PROVIDED DATA:
↓
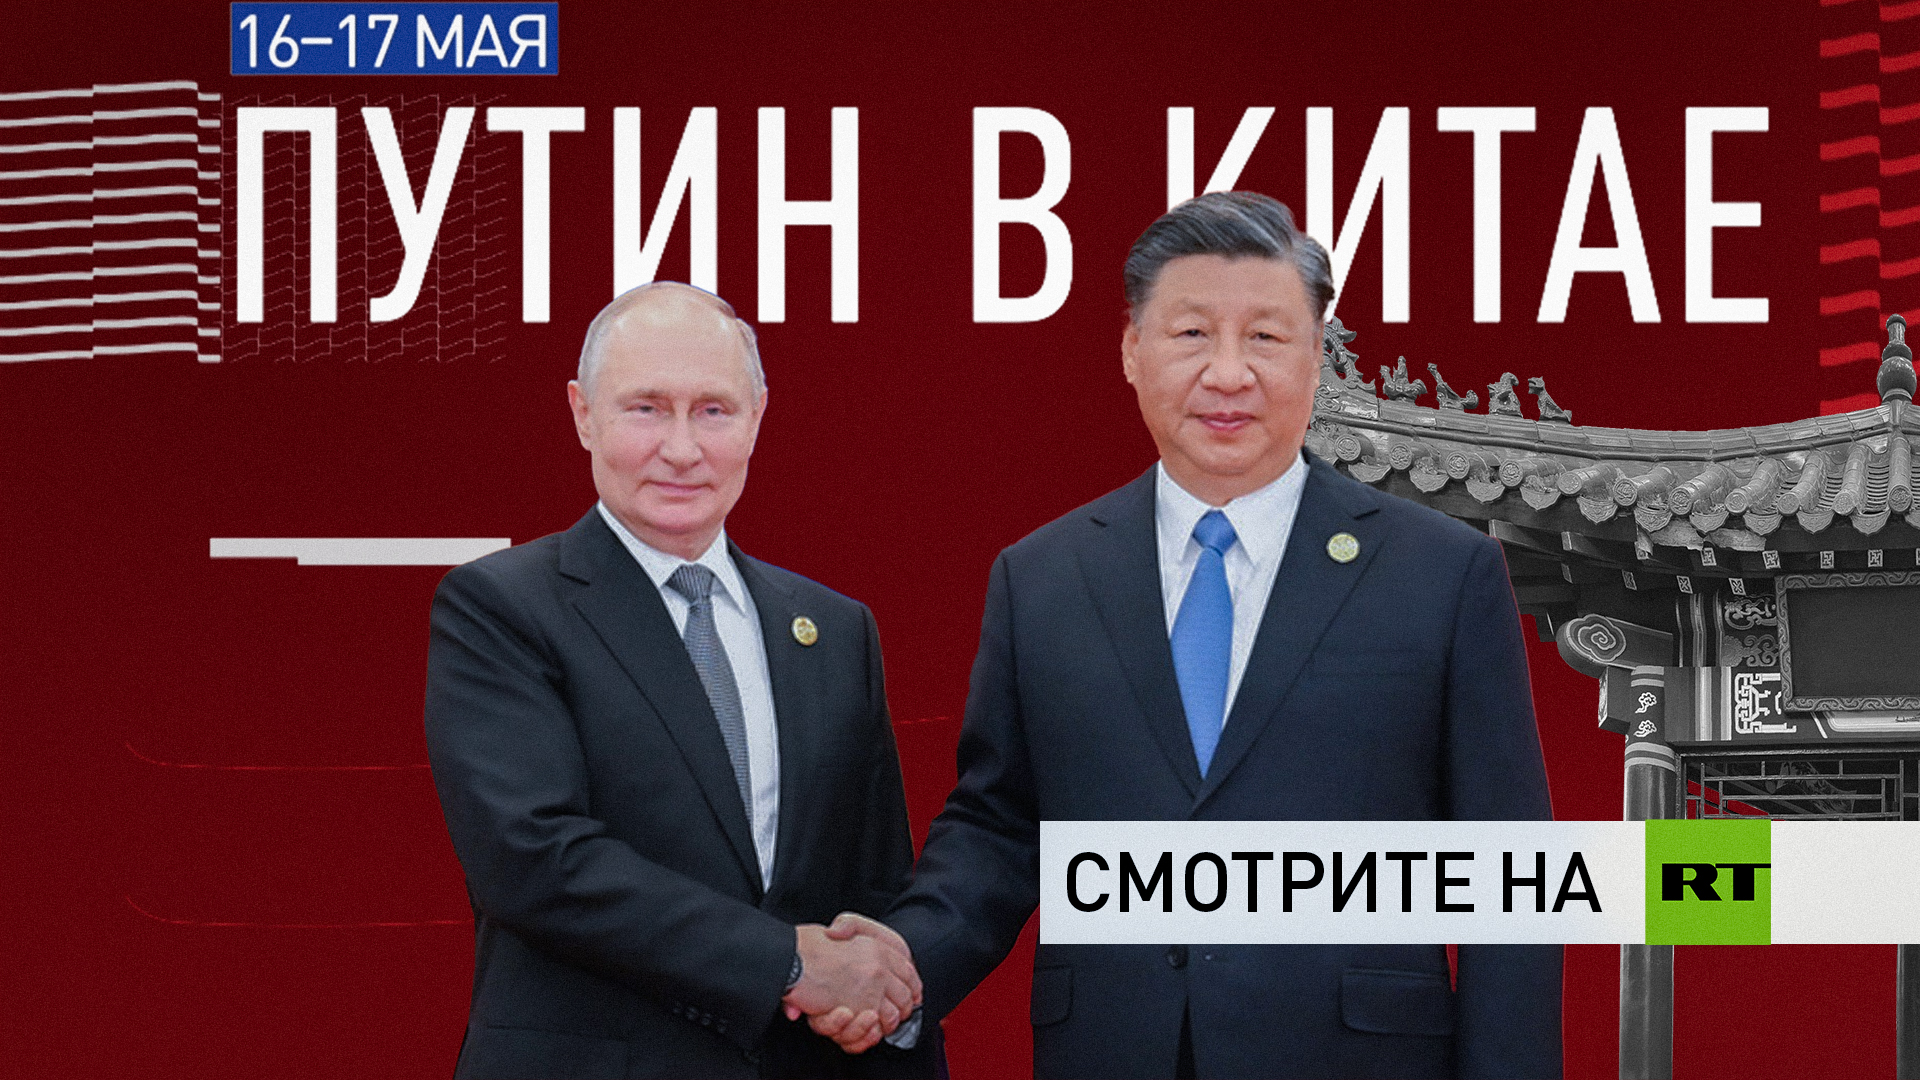 Владимир Путин посетит Китай с государственным визитом 16—17 мая: смотрите на RT
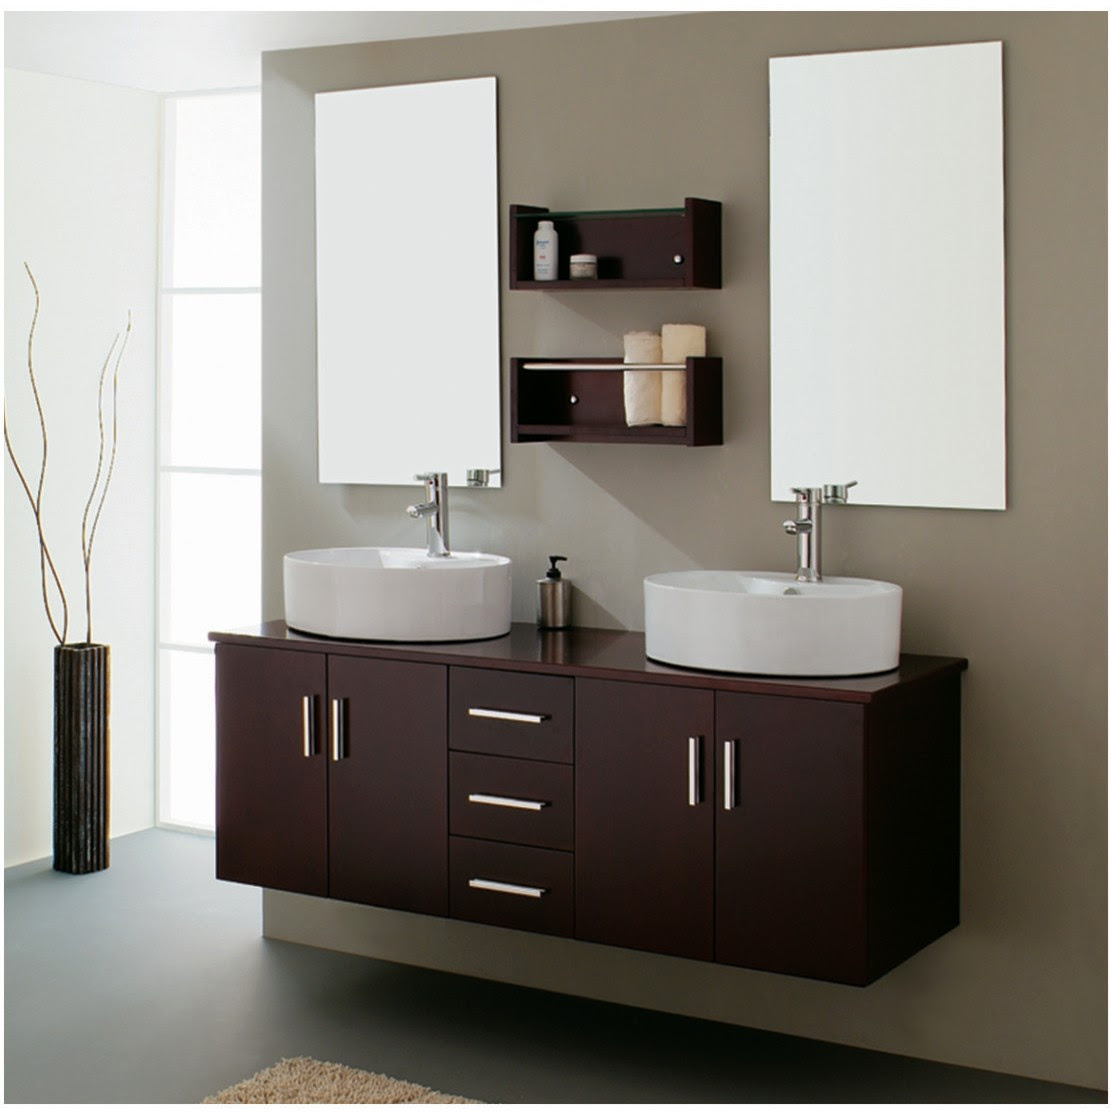 Amazing Double Sink Bathroom Vanities 1111 x 1114 · 121 kB · jpeg
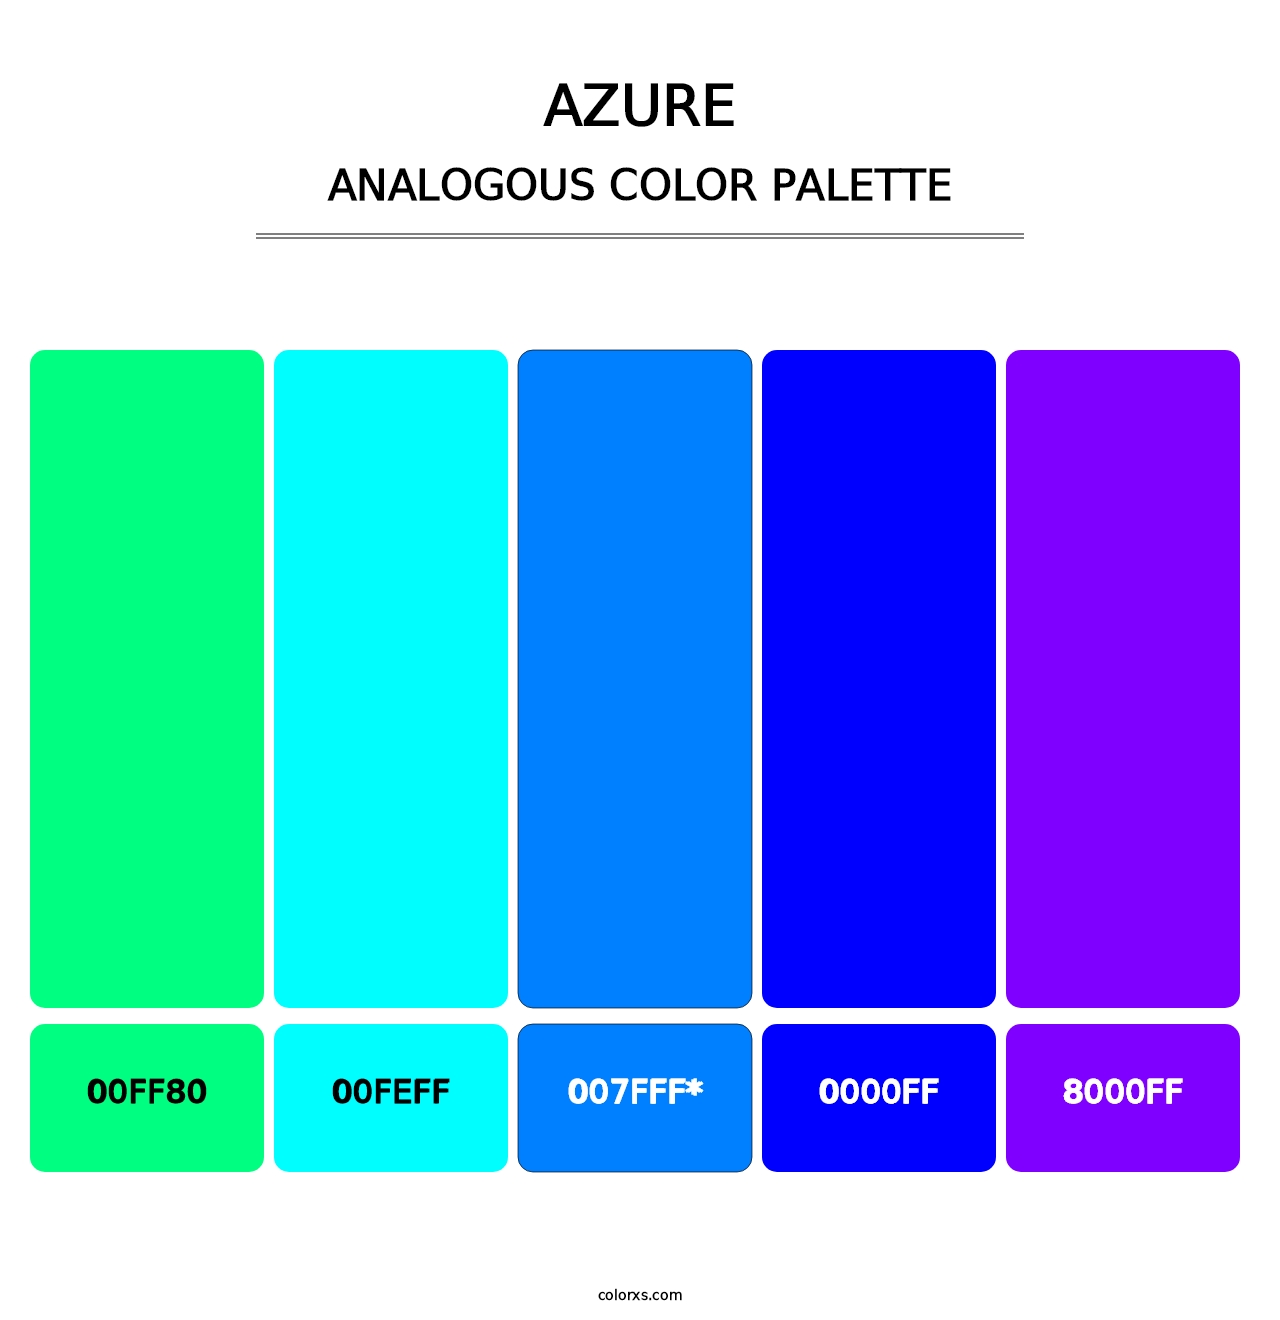 Azure - Analogous Color Palette
↑
PROBLEM TO SOLVE: Please copy out the whole listing exactly as it stands, minus the pictures.

SOLUTION:
 Владимир Путин посетит Китай с государственным визитом 16—17 мая: смотрите на RT
 Amazing Double Sink Bathroom Vanities 1111 x 1114 · 121 kB · jpeg
 Azure - Analogous Color Palette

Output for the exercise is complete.